Throughout the spring of 2019, the Moon administration began hinting that it might withdraw from the General Security of Military Information Agreement (GSOMIA) that Seoul had signed with Tokyo in 2016, and in the wake of a major corruption scandal engulfing its nominee for Justice Minister, the South pulled out of the arrangement. Shortly thereafter, the ROK announced it would conduct its largest-ever military exercises around Dokdo (a set of islands also claimed by Japan, which refers to them as Takeshima).
Throughout this period of spiraling negative events, U.S. efforts to urge restraint and bring the allies together have largely taken place behind closed doors by competent but insufficiently authoritative officials. By late August 2019, this had led to a situation that threatened to undercut overall U.S. strategy. Following the South Korean withdrawal from GSOMIA, U.S. officials began speaking out more forthrightly and at a much higher level. Assistant Secretary of Defense for Indo-Pacific Security Affairs Randall Schriver, for example, clarified on August 28, that the U.S. was "not forewarned" that the Moon administration was going to withdraw from GSOMIA. Secretary of Defense Mark Esper and Chairman of the Joint Chiefs of Staff Gen. Joseph Dunford expressed their "disappointment" at the Moon administration’s decision, as did Secretary of State Mike Pompeo, while State Department spokeswoman Morgan Ortagus Tweeted that the Moon administration’s action will "make defending #Korea more complicated and increase risk to U.S. forces." Yet to date, the most consequential figure in the U.S. government, President Trump, has declined to insert himself publicly into the issue, commenting that "it’s like a full-time job getting involved between Japan and South Korea" before adding that "if they need me, I’m there."
Indeed, when the dispute between Seoul and Tokyo initially blew up in July following Tokyo’s decision to remove South Korea from a "white list" it uses to facilitate trade, the Moon administration did request U.S. involvement, though the request was widely interpreted as Seoul requesting Washington’s help against Tokyo. At that time, Washington refused to "mediate" and instead counseled dialogue and restraint; dissatisfied, the Blue House proceeded to retaliate against Japan, including by ending GSOMIA and conducting high-profile military exercises on contested territory. When the U.S. concluded that South Korean actions were imperiling U.S. national security interests and expressed its disappointment about the Blue House’s decision to end GSOMIA, ROK Vice-Minister of Foreign Affairs Cho Se-young summoned U.S. Ambassador Harry Harris, Jr. to ask Washington to "refrain from public comments about GSOMIA."

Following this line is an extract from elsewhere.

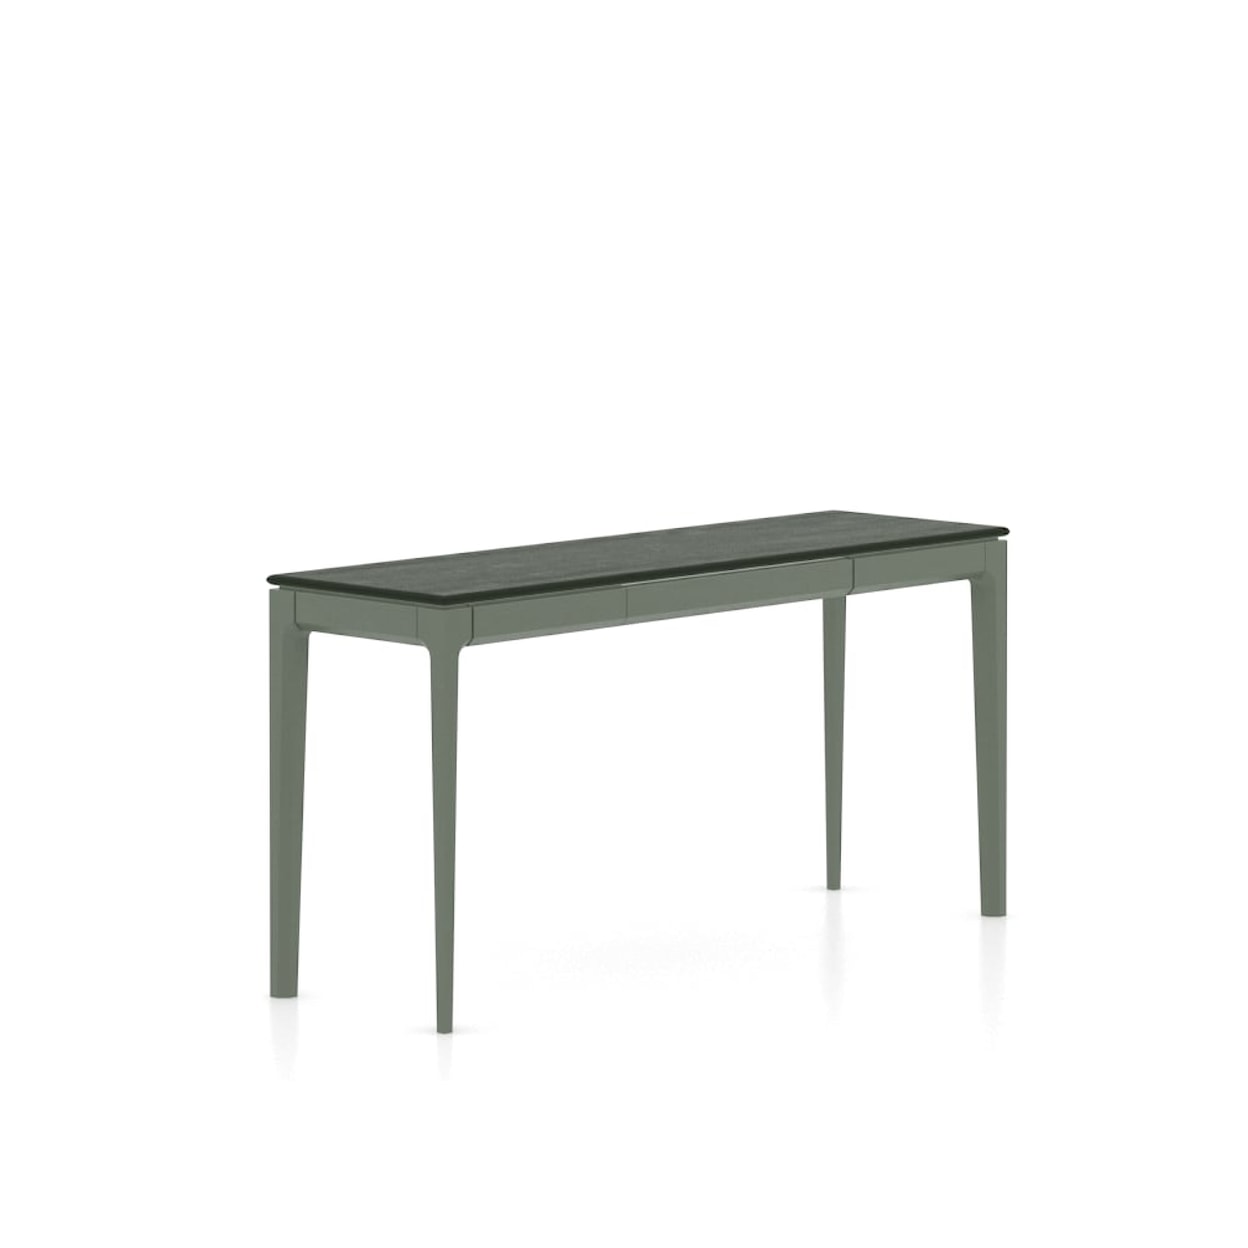 Canadel Accent Essence Console Table

Going forward, the U.S. seems to face three key problems in striving to encourage South Korea and Japan to return to a path focused on positive and proactive bilateral and trilateral cooperation.
First, the U.S. focus on cooperation for the purpose of countering China’s growing regional influence holds limited appeal for policymakers in South Korea. Despite China’s hostility to the U.S.-ROK alliance as revealed by unilateral economic sanctions Beijing placed on Seoul following the deployment of a Terminal High-Altitude Area Defense battery in 2017, many South Korea leaders still regard Beijing as a difficult partner whom they must nonetheless maintain cooperative ties with in order to maintain economic growth, restrain North Korea, and ultimately facilitate (or at least avoid any veto on) unification.